Davis Ian D, Wiseman Gregory A, Lee Fook-Thean, Gansen Denise N, Hopkins Wendie, Papenfuss Anthony T, Liu Zhanqi, Moynihan Timothy J, Croghan Gary A, Adjei Alex A, Hoffman Eric W, Ingle James N, Old Lloyd J, Scott Andrew M
Ludwig Institute for Cancer Research, Victoria, Australia.

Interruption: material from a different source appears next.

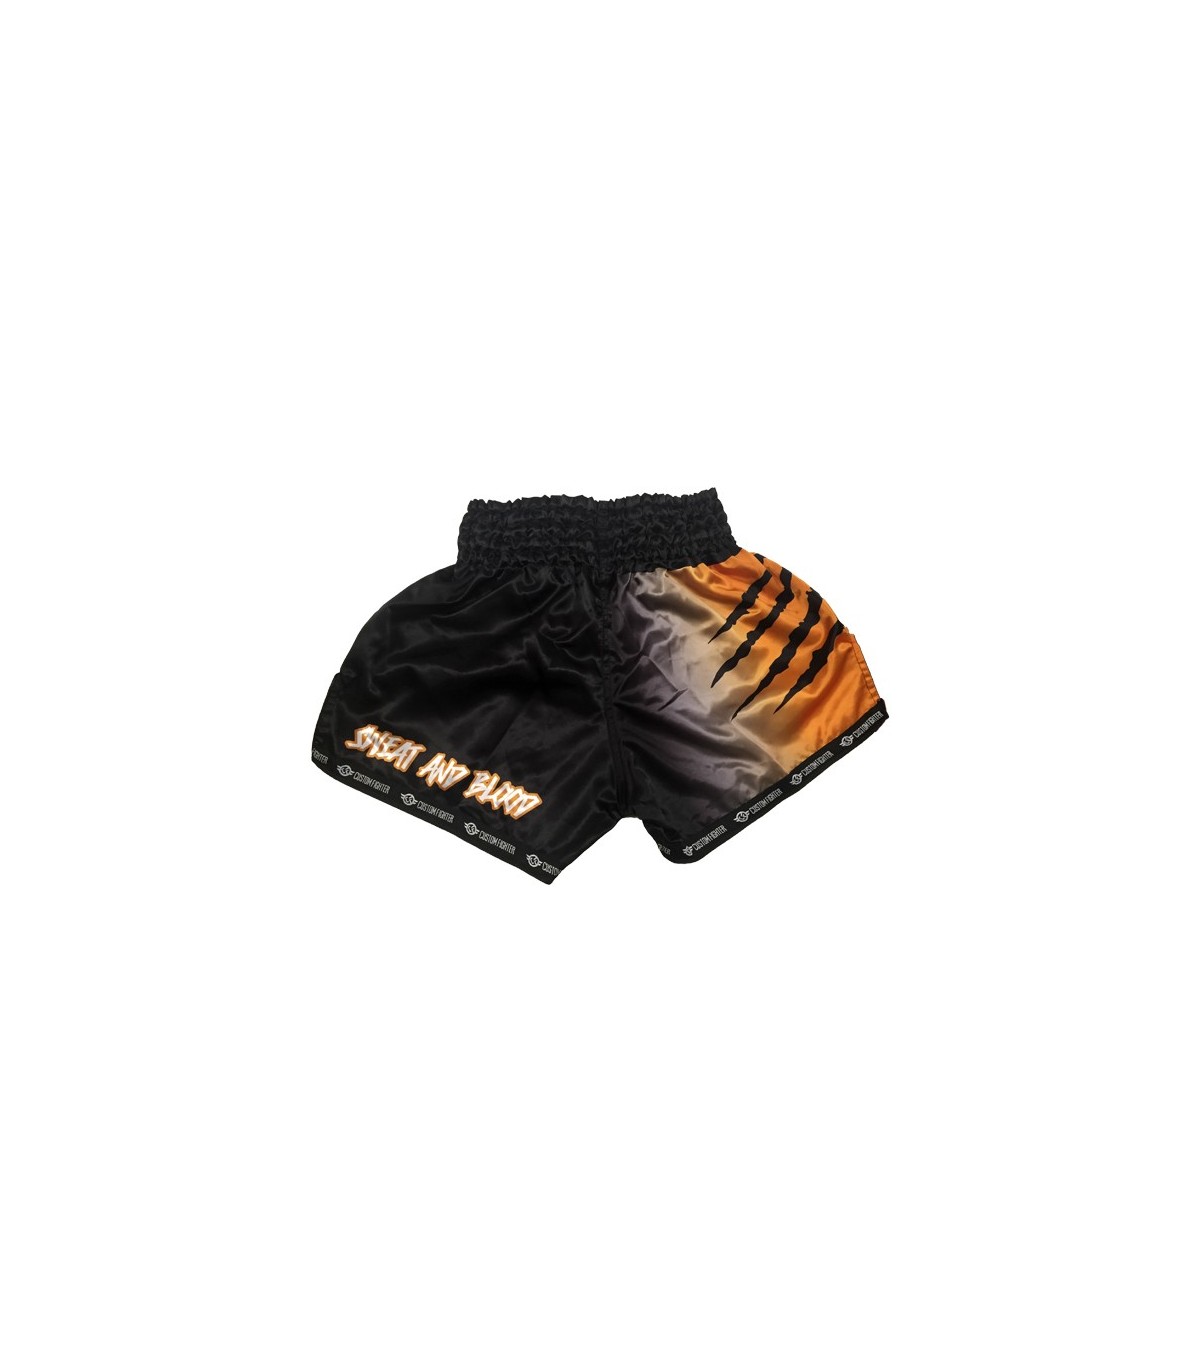 Pantalones cortos PUGILIST P1 tiger muay thai, shorts deportivos

Cancer Immun. 2007 Aug 17;7:13.
The chimeric monoclonal antibody cG250 recognises the G250/CAIX/MN antigen found on 95% of clear cell renal cell carcinomas (RCCs). We performed a phase I clinical trial to evaluate the safety, blood pharmacokinetics (PK), and biodistribution of repeated doses of cG250. The primary endpoint was toxicity. Secondary endpoints were cG250 biodistribution and PK; measurement of human anti-chimeric-antibodies (HACA); and tumour response rates. Eligible patients had unresectable or metastatic clear cell RCC. Doses of 5, 10, 25, or 50 mg/m(2) were given weekly by intravenous infusion for six weeks. Three patients were treated at each dose level. Trace (131)I-labelled cG250 was administered on weeks 1 and 5. Thirteen patients participated and were evaluable. One patient developed brain metastases and was replaced. No grade 3 or 4 toxicities and no dose-limiting toxicity occurred. One patient died due to progressive disease within 30 days of receiving the study drug. One patient developed HACA during the second six-week cycle. PK analysis showed mean whole body and blood alpha and beta half-lives of cG250 of 18.99 +/- 6.84 and 180.19 +/- 86.68 hours, respectively. All patients had cG250 tumour localization by gamma camera imaging in week 1 and 5. One patient had a complete response, nine patients had stable disease, and three had progressive disease. One patient received 11 six-week cycles of treatment with no toxicity or HACA. In conclusion, repeated intravenous doses of up to 50 mg/m(2) of cG250 are safe. Furthermore cG250 has a long half-life and targets clear cell RCC effectively.
嵌合单克隆抗体cG250可识别95%的透明细胞肾细胞癌(RCC)中存在的G250/碳酸酐酶IX/膜联蛋白抗原。我们开展了一项I期临床试验,以评估重复剂量的cG250的安全性、血液药代动力学(PK)及生物分布。主要终点为毒性。次要终点为cG250的生物分布和PK;人抗嵌合抗体(HACA)的检测;以及肿瘤缓解率。符合条件的患者患有不可切除或转移性透明细胞RCC。每周通过静脉输注给予5、10、25或50 mg/m²的剂量,共六周。每个剂量水平治疗3例患者。在第1周和第5周给予微量(131)I标记的cG250。13例患者参与并可进行评估。1例患者发生脑转移并被替换。未发生3级或4级毒性反应,也未出现剂量限制性毒性。1例患者在接受研究药物后30天内因疾病进展死亡。1例患者在第二个六周周期出现HACA。PK分析显示,cG250的全身平均α和β半衰期以及血液平均α和β半衰期分别为18.99±6.84小时和180.19±86.68小时。所有患者在第1周和第5周通过γ相机成像显示cG250在肿瘤部位定位。1例患者完全缓解,9例患者病情稳定,3例患者病情进展。1例患者接受了11个六周周期的治疗,未出现毒性反应或HACA。总之,重复静脉给予高达50 mg/m²的cG250是安全的。此外,cG250半衰期长,能有效靶向透明细胞RCC。